The small increase in pass rates among below-norm students was also a result of the change in their skills relative to classroom peers. Their pass rates increased from .71 logits pre-policy (69 percent) to .88 logits (71 percent) post-policy (see Model 1 in the lower panel). As shown under Model 3, below-norm students were less likely to pass if their skill levels were well below the classroom average (coefficient of −.25). As discussed earlier, relative skill levels of below-norm students improved post-policy (i.e., they were less like to be well below their classmates than pre-policy below-norm students), so their pass rates improved. Unlike students with above-norm skills, there was no relationship between classroom average skill level and the average pass rates once students’ relative skills were controlled (coefficient of −.01). While the classroom average skill by itself has a negative relationship (coefficient of −.23), suggesting that students are less likely to pass in classes with higher skill peers (Model 2), this relationship disappears once differences in students’ relative skill levels are taken into account.
The alternative model of heterogeneous classrooms with a second support class did not explain post-policy changes in pass rates for below-norm students or above-norm students. The coefficient is small and not significant for both groups (−.06 for above-norm students and .01 for below-norm students with p > .10).
A supplemental analysis compared grading practices between double-dose and regular algebra teachers 1 year before the policy to determine whether declines in algebra pass rates for above-norm students could have occurred as a result of differential grading practices between the teachers assigned to double-dose algebra versus regular algebra teachers (i.e., teachers with tougher grading practices might have been assigned to regular algebra classes).
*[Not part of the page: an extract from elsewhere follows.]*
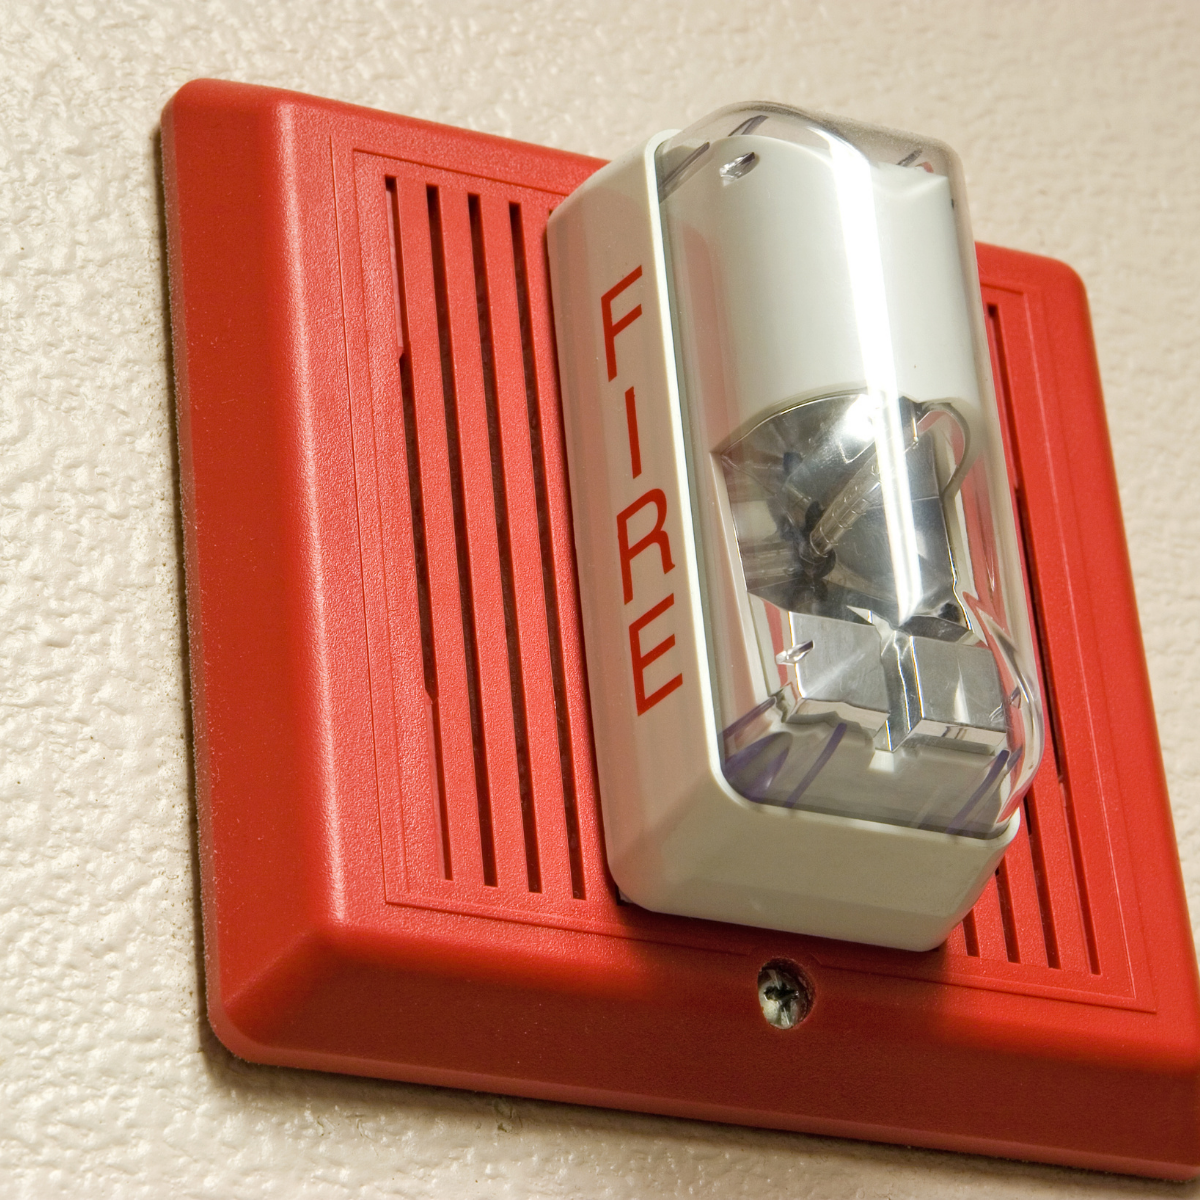 Safety First: Ensuring Protection with Professional Fire Alarm Installation

The results (available from the authors) showed no differences in the pre-policy grading practices between teachers who taught regular algebra and those who taught double-dose algebra post-policy; there were no differences in the rates at which they assigned high grades of A or B or failed students pre-policy, controlling for students’ incoming skills and other background characteristics and classroom average skills.
Policy Effects on Classroom Climate and Instruction
The policy should have affected students’ academic outcomes by changing their instructional experiences, either through the instructional support offered to double-dose students and teachers or through changes in the composition of classroom peers. Table 4 shows the ways in which classroom instructional environments changed with the policy, in terms of academic demand, interactive pedagogy, peer interactions, and the clustering of students with disciplinary and absentee problems. Once again, models were run separately for below- and above-norm students, but incoming test scores were centered at the 50th percentile so that the intercept represents students just above and below the eligibility cutoff. Model 1 shows whether the instructional environment changed post-policy, while Models 2 and 3 show whether these changes are explained by the average classroom skill level or being in a mixed-ability class where low-skill students took a supplementary algebra class. Only the pertinent coefficients are displayed, but full models are available from the authors.
Pre- and Post-Policy Changes in Instruction/Classroom Environment
Note. Other variables in the models (not shown here) include: students’ incoming Iowa Tests of Basic Skills (ITBS) scores, age, gender, race, socioeconomic status, and residential mobility prior to high school.
Standard deviation of absenteeism is 7.8 days.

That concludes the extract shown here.